DATA PROVIDED Block Start

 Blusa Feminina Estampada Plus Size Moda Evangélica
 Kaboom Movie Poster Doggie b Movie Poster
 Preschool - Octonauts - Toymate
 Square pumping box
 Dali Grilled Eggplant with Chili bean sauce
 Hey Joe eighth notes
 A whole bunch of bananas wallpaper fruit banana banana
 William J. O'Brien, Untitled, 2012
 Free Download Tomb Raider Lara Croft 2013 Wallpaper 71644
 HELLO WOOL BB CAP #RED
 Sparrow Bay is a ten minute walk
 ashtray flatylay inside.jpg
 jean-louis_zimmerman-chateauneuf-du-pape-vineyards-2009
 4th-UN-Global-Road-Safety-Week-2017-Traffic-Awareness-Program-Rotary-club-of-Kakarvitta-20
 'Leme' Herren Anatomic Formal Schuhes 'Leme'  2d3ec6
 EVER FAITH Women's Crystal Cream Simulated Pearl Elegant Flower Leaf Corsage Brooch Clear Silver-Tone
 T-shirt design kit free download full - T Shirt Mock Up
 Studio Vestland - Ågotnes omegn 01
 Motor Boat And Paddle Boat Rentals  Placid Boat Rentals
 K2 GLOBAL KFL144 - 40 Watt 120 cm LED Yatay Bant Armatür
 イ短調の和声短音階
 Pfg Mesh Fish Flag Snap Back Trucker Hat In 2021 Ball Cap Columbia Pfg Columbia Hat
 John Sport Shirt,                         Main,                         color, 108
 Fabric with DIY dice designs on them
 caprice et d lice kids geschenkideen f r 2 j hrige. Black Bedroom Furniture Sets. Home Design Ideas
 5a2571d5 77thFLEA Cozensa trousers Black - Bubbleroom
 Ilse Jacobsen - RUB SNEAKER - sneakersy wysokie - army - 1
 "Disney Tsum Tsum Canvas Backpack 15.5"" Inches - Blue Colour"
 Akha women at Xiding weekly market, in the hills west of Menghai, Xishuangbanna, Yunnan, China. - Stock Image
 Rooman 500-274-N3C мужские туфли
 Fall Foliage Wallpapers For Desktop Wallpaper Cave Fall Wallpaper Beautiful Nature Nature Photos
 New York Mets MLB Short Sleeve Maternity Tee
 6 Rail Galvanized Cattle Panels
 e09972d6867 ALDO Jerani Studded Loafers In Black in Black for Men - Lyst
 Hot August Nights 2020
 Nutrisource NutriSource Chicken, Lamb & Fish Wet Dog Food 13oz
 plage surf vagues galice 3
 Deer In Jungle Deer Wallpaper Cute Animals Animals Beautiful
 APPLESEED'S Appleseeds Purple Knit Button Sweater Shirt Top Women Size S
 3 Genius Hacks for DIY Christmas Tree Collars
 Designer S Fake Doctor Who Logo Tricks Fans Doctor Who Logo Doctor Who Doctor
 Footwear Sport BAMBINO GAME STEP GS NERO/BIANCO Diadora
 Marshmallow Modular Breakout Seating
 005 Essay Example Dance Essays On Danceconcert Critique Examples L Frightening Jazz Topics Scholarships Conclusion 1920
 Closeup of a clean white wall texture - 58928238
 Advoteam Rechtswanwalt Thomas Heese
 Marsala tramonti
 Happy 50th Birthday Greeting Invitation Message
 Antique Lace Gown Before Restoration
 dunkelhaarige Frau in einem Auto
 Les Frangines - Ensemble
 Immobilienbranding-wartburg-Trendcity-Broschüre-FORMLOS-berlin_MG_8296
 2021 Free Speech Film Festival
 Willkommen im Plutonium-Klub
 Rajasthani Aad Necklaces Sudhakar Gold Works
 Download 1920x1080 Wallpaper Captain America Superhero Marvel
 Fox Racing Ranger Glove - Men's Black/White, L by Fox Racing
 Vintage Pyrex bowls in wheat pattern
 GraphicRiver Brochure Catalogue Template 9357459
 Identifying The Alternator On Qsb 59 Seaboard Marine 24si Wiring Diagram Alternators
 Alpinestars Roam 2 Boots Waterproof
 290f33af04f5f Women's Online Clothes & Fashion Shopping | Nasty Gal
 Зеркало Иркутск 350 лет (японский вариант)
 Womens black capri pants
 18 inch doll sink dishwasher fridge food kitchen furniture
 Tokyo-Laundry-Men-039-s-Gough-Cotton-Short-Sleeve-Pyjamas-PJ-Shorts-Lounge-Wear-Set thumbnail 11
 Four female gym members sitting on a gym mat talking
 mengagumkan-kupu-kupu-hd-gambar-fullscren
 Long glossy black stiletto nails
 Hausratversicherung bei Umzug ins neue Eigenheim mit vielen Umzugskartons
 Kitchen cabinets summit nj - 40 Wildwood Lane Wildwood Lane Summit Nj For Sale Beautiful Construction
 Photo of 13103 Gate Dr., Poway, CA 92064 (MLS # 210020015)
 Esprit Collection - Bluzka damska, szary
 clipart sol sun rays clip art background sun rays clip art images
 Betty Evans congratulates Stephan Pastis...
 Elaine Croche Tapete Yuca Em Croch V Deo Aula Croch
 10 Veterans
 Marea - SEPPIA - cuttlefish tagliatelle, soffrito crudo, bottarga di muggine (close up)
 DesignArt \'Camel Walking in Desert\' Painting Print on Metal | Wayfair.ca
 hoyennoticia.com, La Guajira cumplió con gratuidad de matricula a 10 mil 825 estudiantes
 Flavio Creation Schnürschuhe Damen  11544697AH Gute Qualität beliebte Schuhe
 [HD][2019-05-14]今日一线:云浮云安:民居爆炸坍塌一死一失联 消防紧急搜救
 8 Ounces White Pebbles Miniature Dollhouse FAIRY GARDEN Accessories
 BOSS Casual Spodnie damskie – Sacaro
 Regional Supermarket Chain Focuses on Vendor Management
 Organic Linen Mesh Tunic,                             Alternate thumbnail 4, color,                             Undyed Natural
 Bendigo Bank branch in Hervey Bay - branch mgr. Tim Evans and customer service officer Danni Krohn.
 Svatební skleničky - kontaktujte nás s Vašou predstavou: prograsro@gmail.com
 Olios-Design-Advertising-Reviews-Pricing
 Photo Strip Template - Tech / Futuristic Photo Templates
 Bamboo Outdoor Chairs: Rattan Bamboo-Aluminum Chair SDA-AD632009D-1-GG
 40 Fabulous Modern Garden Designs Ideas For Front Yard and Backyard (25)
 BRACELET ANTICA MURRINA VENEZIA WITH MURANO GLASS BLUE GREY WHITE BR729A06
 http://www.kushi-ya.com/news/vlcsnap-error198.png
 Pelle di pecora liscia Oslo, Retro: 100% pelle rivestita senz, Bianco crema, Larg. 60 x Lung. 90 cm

DATA PROVIDED Block End

• ABOUT THIS TASK: Only lines that include "Mesh" belong in the answer; return them from the entries above.

• PROBLEM SOLUTION:
 Pfg Mesh Fish Flag Snap Back Trucker Hat In 2021 Ball Cap Columbia Pfg Columbia Hat
 Organic Linen Mesh Tunic,                             Alternate thumbnail 4, color,                             Undyed Natural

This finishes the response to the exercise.